“Email marketing has the power of a cannon,” I said to Loren just last week, “but the best way to use this power is with the accuracy of a rifle.”
At the time, we were talking about the best way to leverage a new client’s rather large email list, which was gathered after years and years of collection. Now that I think more on it, this sentiment rings true for all email marketing – not just the one specific client we had in mind.
The Power of Email Marketing
It’s funny that I used the word cannon to describe the power of email marketing, because this ties into another term used for email marketing in the past decade: blast.
The word “blast” is a bad word in my vocabulary; it refers to a message that’s unwelcome, unexpected, and ultimately, intrusive on the recipient’s life. It’s loud, aggressive and offputting.
But putting these “blasts” aside, the ability to reach potential customers and convert them with emails is still incredibly powerful. We just have to do it correctly. That means not broadcasting to just anyone and everyone you can get your hands on. Just like my conversation with Loren, I turn to the list itself.
Look at your own list. What do you know about your recipients?
First off, if it’s a bought list, throw it out. Aside from the obvious issues communicating withpeople that have no relationship with you, it’s illegal and can cost you thousands of dollars in fines.

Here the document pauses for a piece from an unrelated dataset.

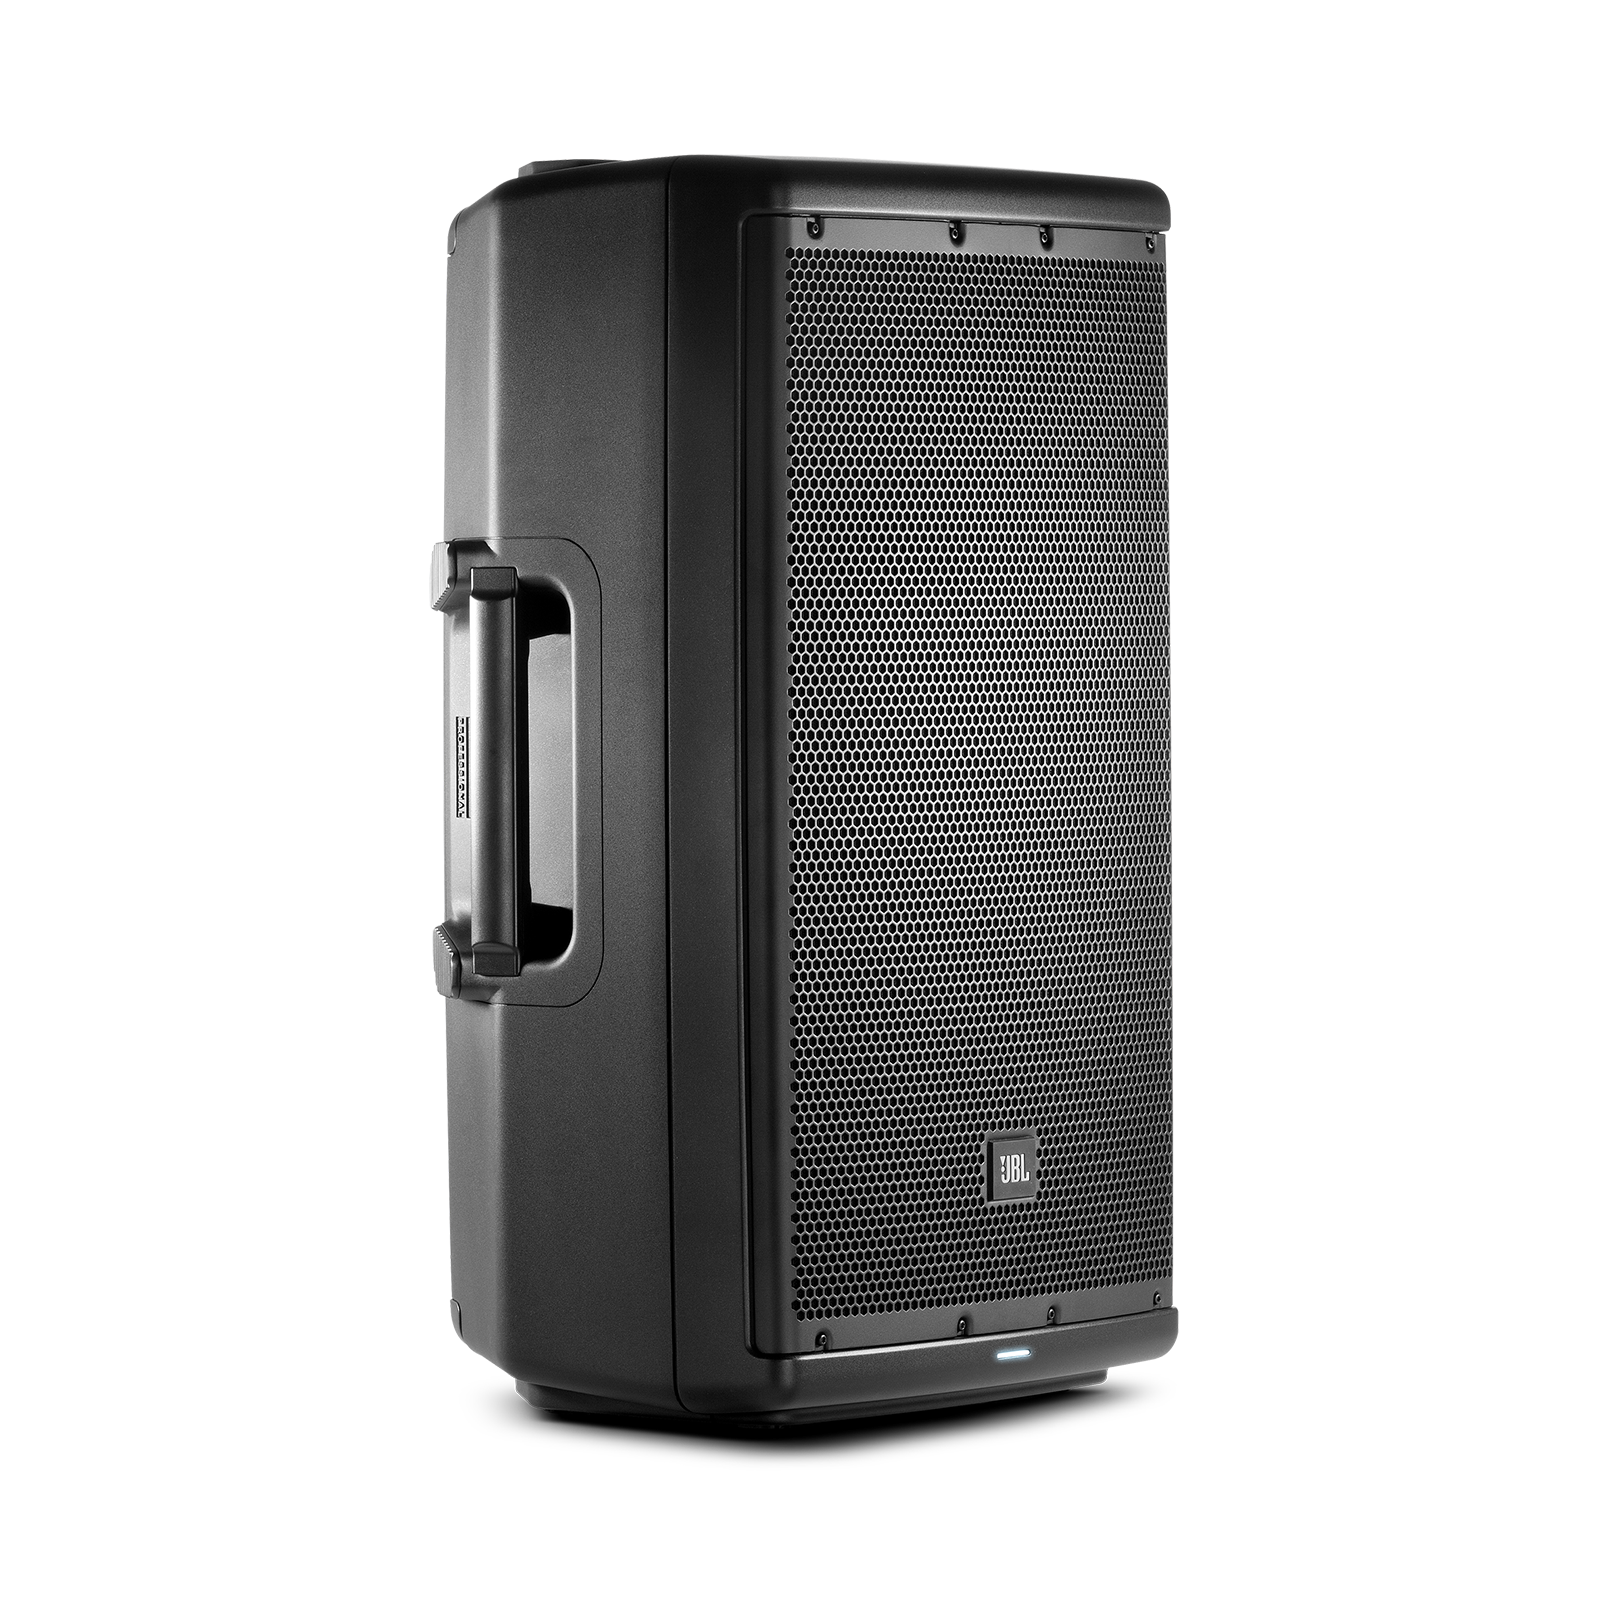 "JBL EON612 - Black - 12"" Two-Way Multipurpose Self-Powered Sound Reinforcement - Detailshot 1"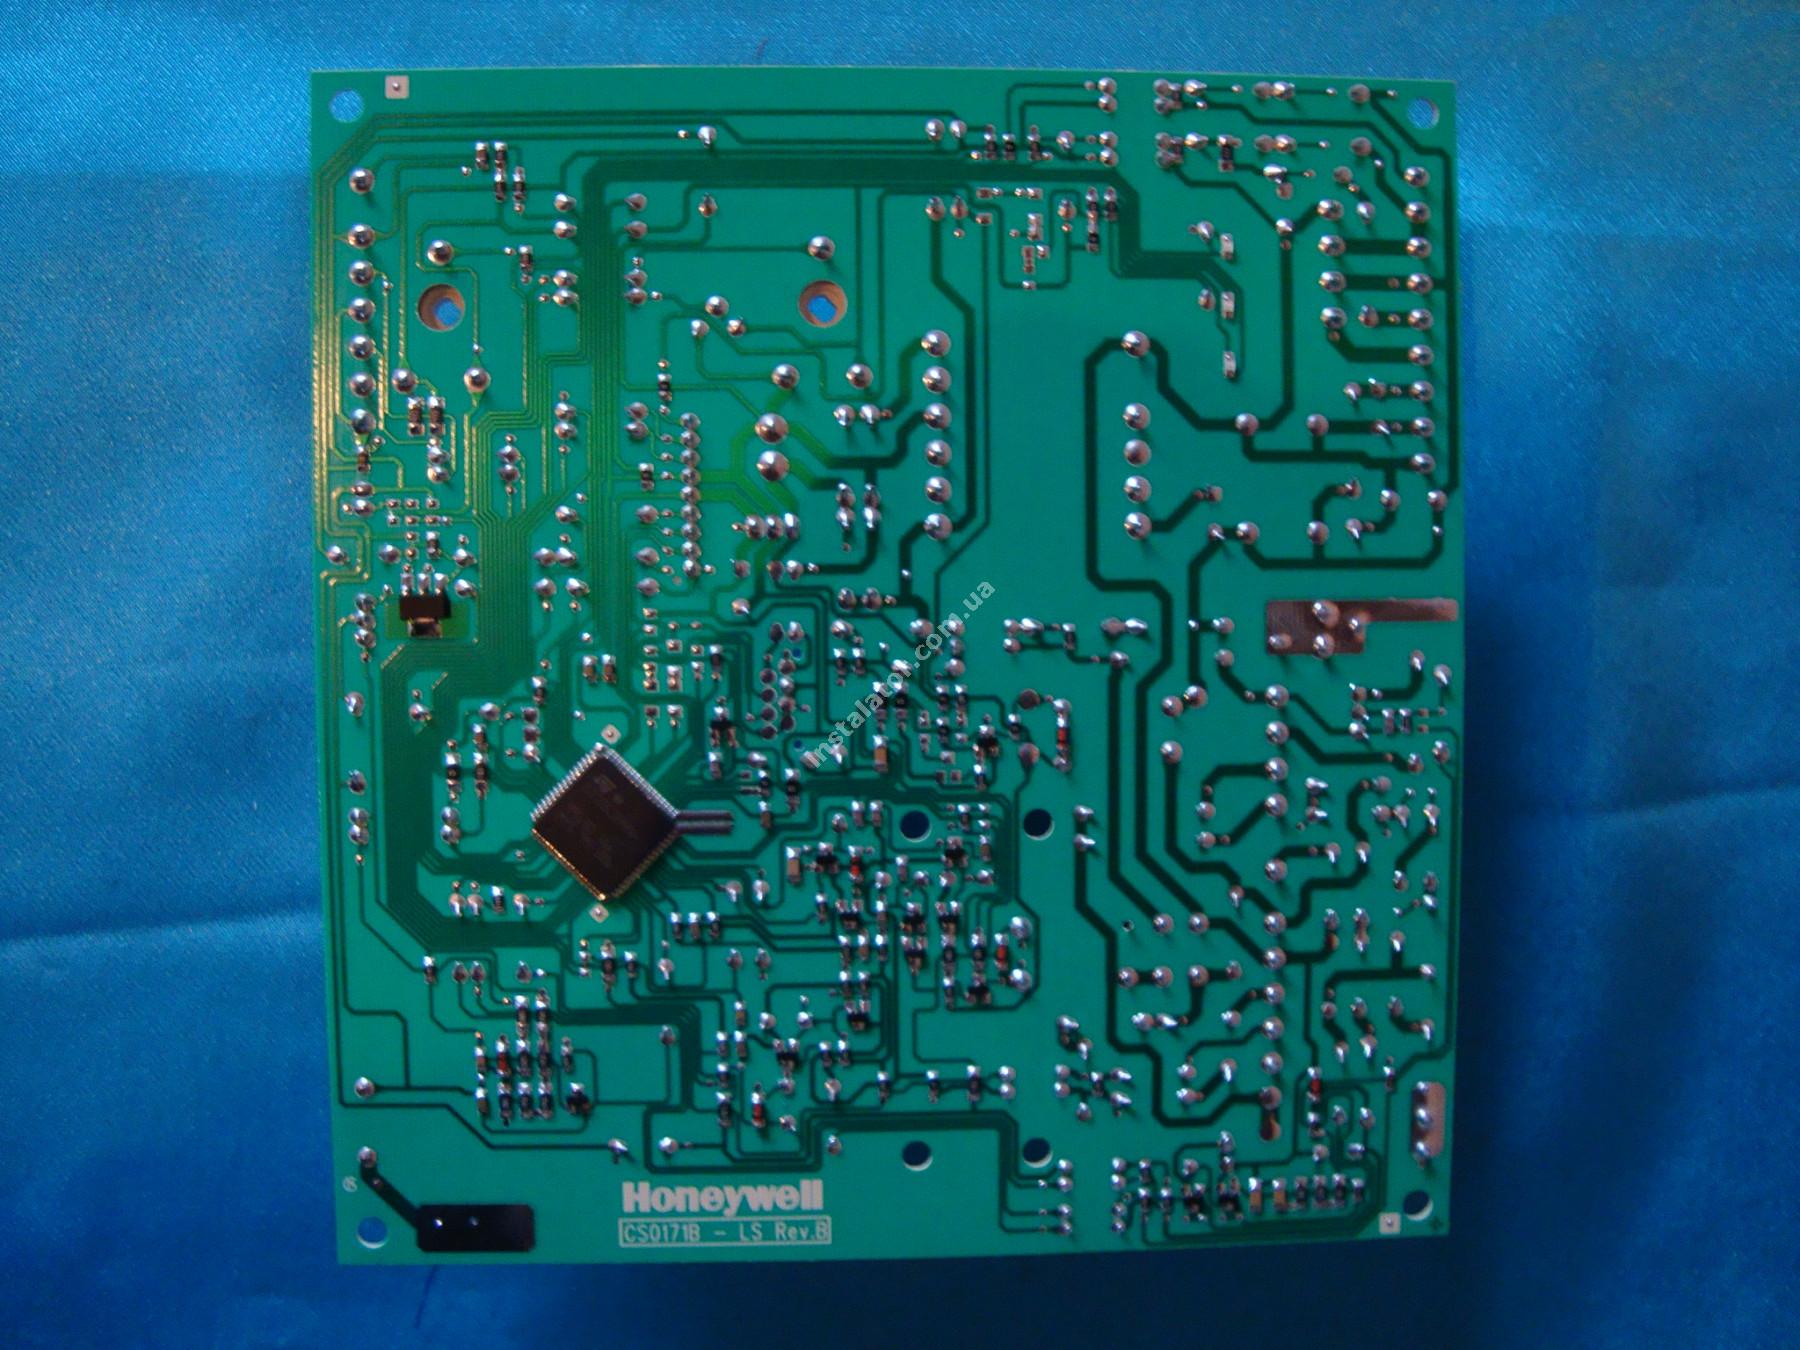 5669550 Плата керування  Westen Energy, Baxi Eco full-image-0

But, let’s say you have a list of customers and clients, and you have statistics like what sort of product or service they received from you. Maybe you have more information, like age, gender or income range. Believe it or not, this information is golden.
This is what we call segmentable data.
Let’s, for instance, say you’re the owner of a candy shop. You have a list of all people that ordered sweets from you, but you also recorded what their individual top purchases were.
This month, you’re having a sale on chocolate fudge. Thanks to that segementable data, you can send out an email campaign to only those who have purchased chocolate fudge in the past. This will ensure a higher conversion rate on the email campaign itself, and it will also decrease the amount of unsubscriptions and complaints you might receive, since this is a message more in tune with the demographic of that particular smaller list.
As an added bonus, it will probably lead to more sales, too.
This example only scratches the surface of what targeted lists can do for your business. They also have the power to cultivate long-term relationships with customers, encourage word of mouth recommendations and much, much more. And if you throw A/B testing into the mix, you can get even more value out of your campaigns.